Fun fact: people who design these sorts of systems often just start by assuming failures of all sorts are happening all the time. When you have enough computers in one place, hardware failures all over the place isn’t a catastrophe, it’s just Tuesday. What systems folks have figured out is how to get useful work out of this reality anyways. As long as the failure doesn’t hit too many of your computers at the same time, no one will ever notice.
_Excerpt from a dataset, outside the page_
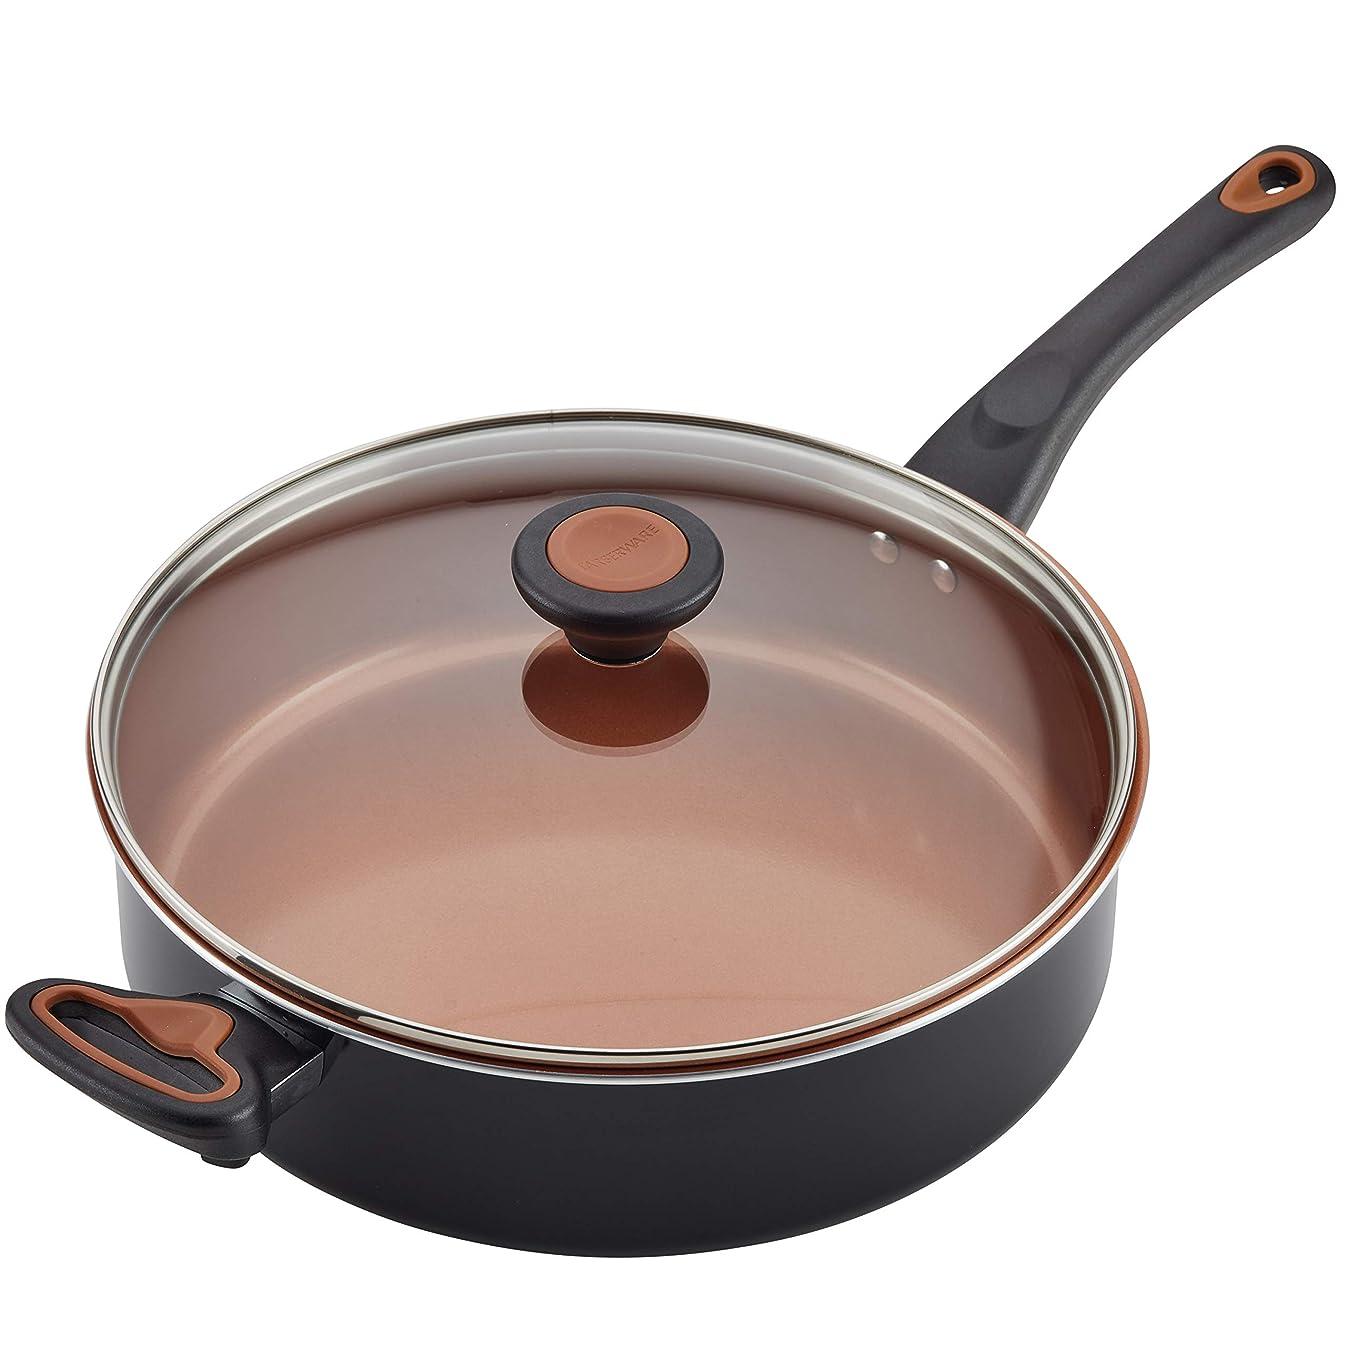 Farberware Glide Copper Ceramic Nonstick Covered Sauté with Helper Handle, 4-Quart, Black

In math, it might seem like we start from rock-solid axioms and then logic our way towards all the interesting complexity. That’s how school usually teaches math: step-by-step, start with your assumptions, deduce your way to the ending, and neatly write down your “two-column proof” for full credit on the homework.
Except in math, the assumptions are just that. ssumptions. Worse yet, we can’t even prove that our axioms don’t contradict each other.
There’s nowhere solid to stand on! There’s no solid ground! (You know what solid ground is? That’s the Earth’s crust. Which, by the way, floats on the mantle, which– you guessed it– is liquid rock. I hope you’re beginning to see a pattern here.)
One last point: careful not to confuse what we’re seeing here with “emergent complexity”. Emergent phenomena have to do with complex behavior coming out of simple mechanisms. Think about how the interactions between molecules give us cells, how small groups of people form nations, how the simple neurons form the complex brain.
This is the opposite. The foundations are unstable, complicated, chaotic, shifting all the time, and pinning anything down is like trying to walk on water. The real revelation is that we can still make something useful and meaningful out of it anyways.
There’s no standing still on the surface of the sea, but paddle fast enough and you can surf the waves.